The economic pressure can be traced to Russia’s invasion of Ukraine four years ago. Tight labor markets and high inflation have forced the central bank to keep interest rates high as sanctions are imposed and Putin mobilizes the economy to fight a protracted war. Recent policy easing has failed to stem declines in spending across several consumer categories.
As businesses feel the pinch from high interest rates and weak consumption, more workers are facing no pay, furlough or reduced hours. As a result, consumers are having trouble repaying their loans, raising fears of a financial sector collapse.
A Russian official told the Financial Times: ‘A banking crisis is possible’ postal December, who requested anonymity. “A non-payment crisis is a possibility. I don’t want to think about the war continuing or escalating.”
Meanwhile, Western officials have sought to dispel the notion that Russia is winning.
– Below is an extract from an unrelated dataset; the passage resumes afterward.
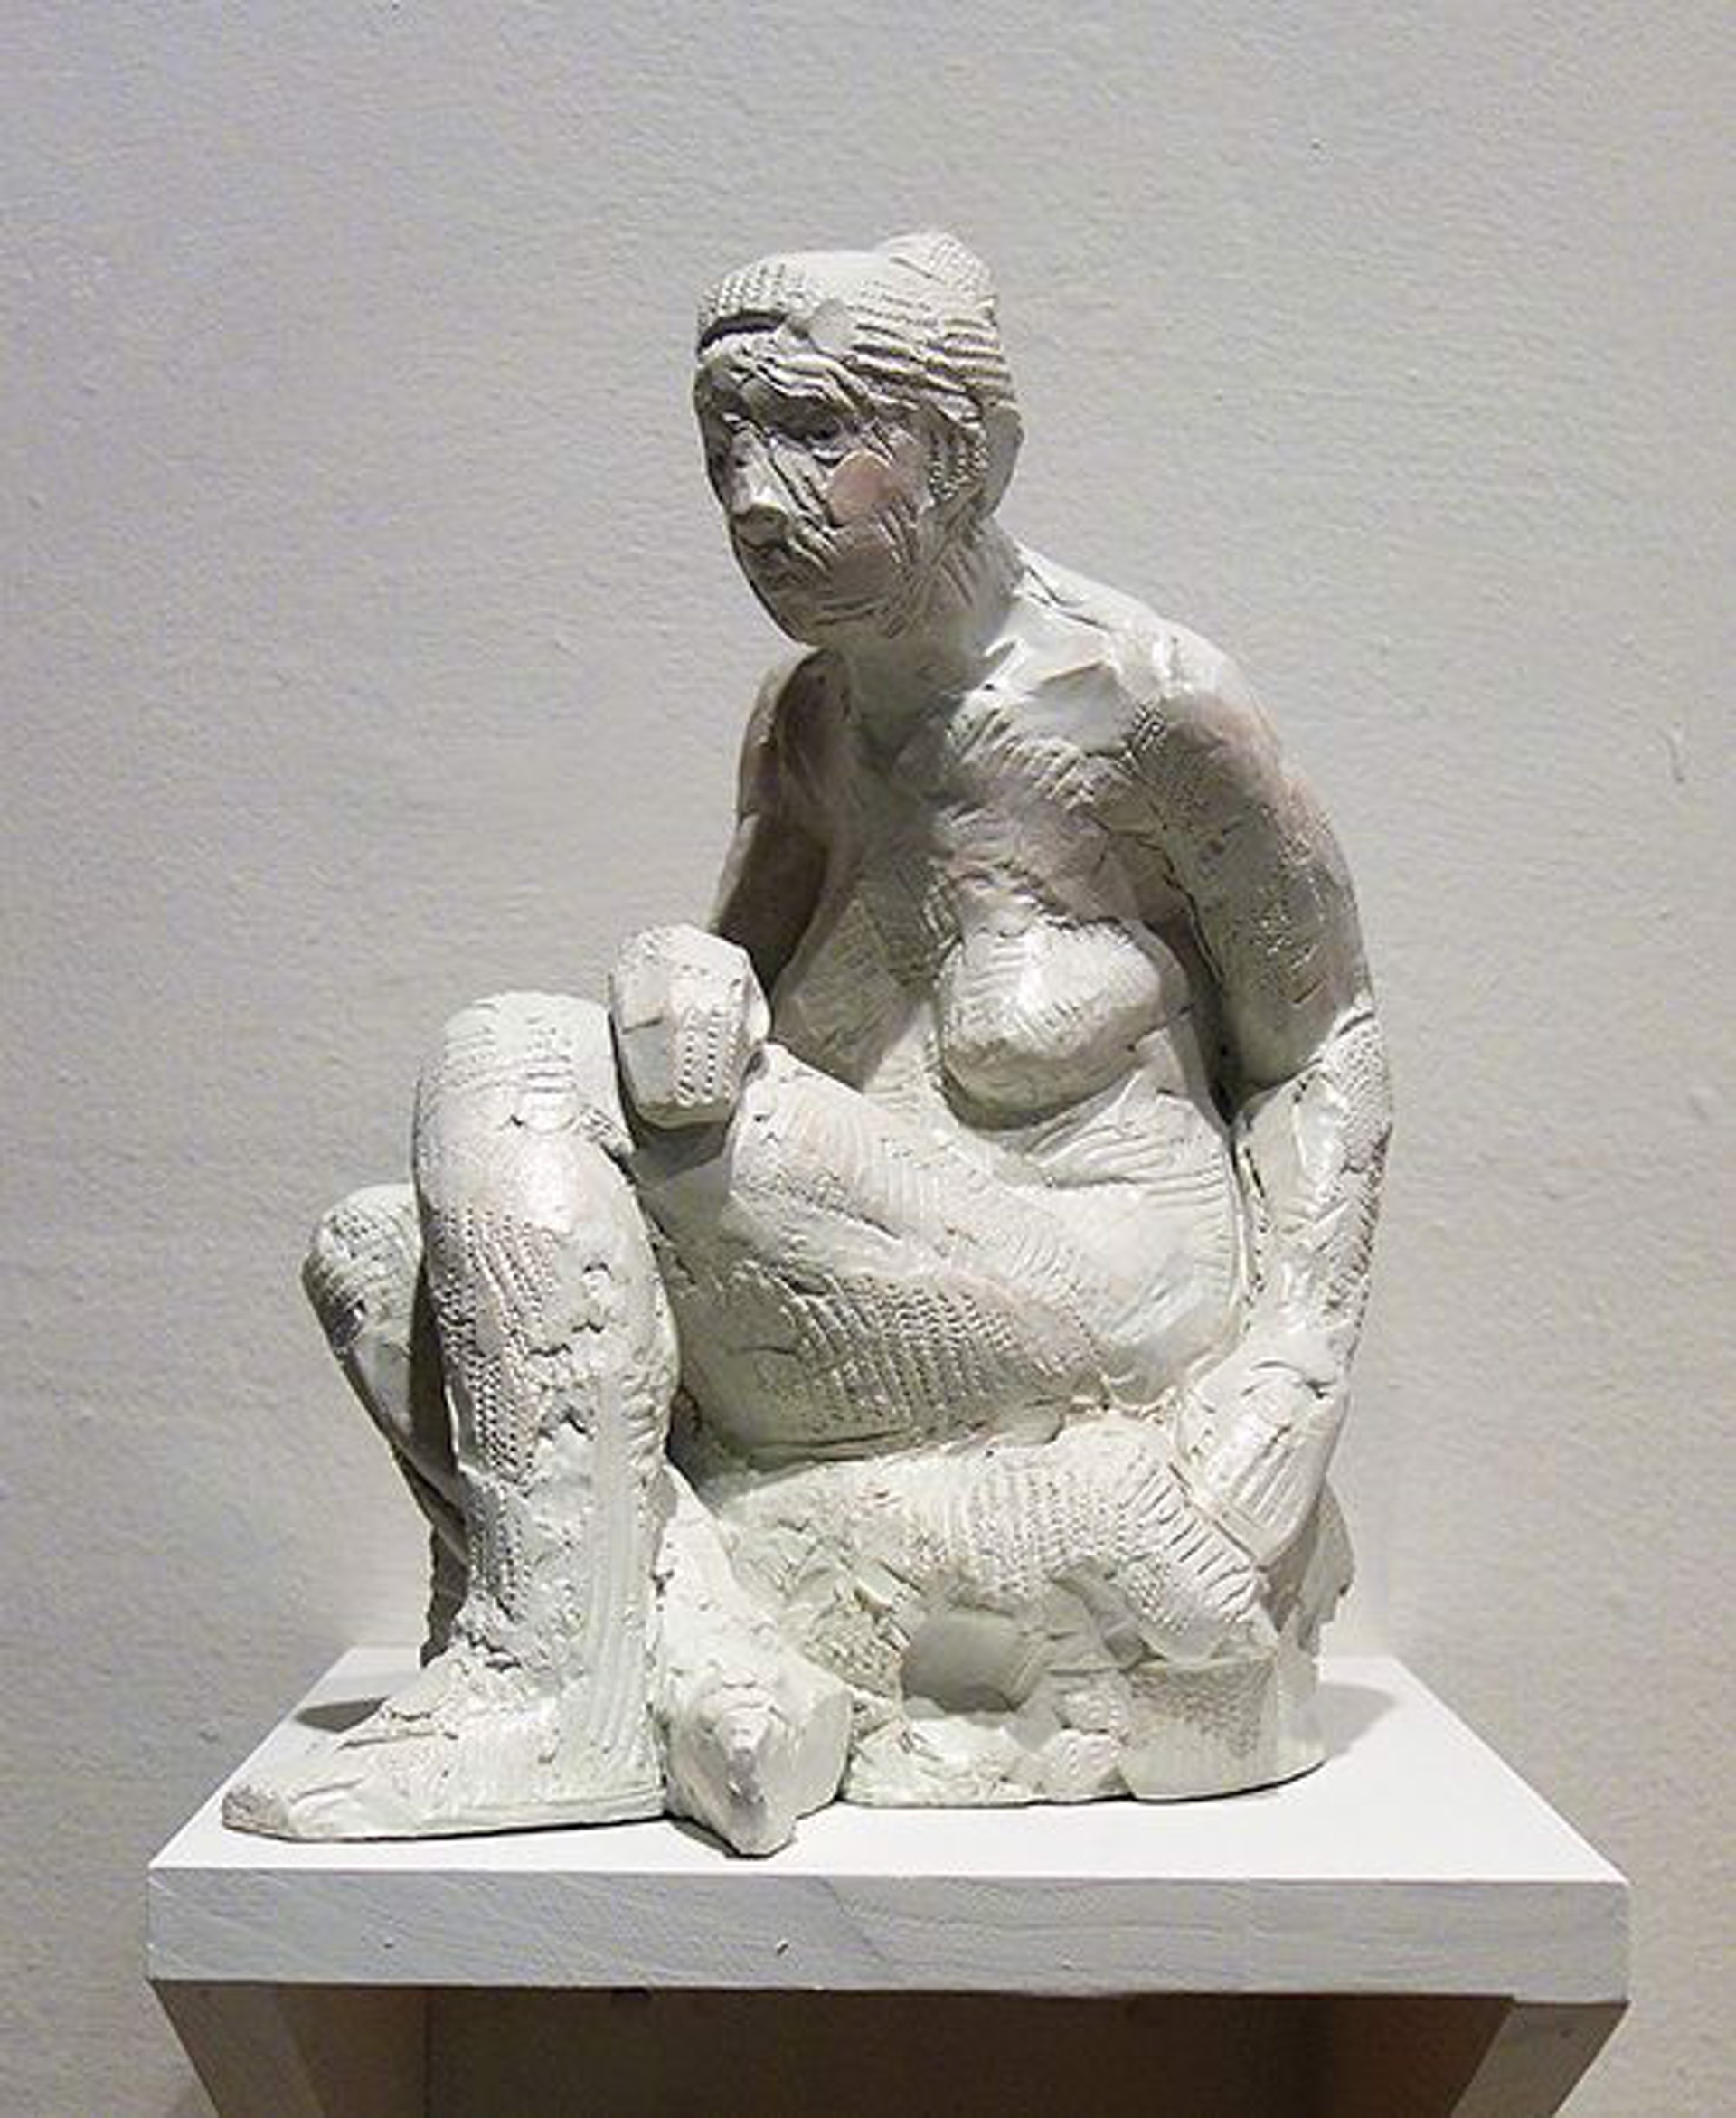 Seated Female by Michael O'Keefe

In fact, in recent weeks, Ukraine has even taken advantage of the Russian military being cut off from SpaceX’s Starlink internet service to launch a counterattack.
The Institute for War Research estimates that Ukraine has liberated at least 168.9 square kilometers of territory in the south of the country since January 1.
Kristina Harward, deputy director of the Russia team at the Institute for War Studies, said the Russian military currently has more casualties than it can recruit.
She is in ” new york post Putin may even need to start limited, rolling military call-ups to sustain his war, he said on Sunday, adding that his bluff in negotiations was actually a bluff.
“With draft rates falling, inflation rising, and his military’s ability to actually seize the territory he desires, it won’t be long before Putin has to force his people to suffer economic hardship and even death,” Harward said.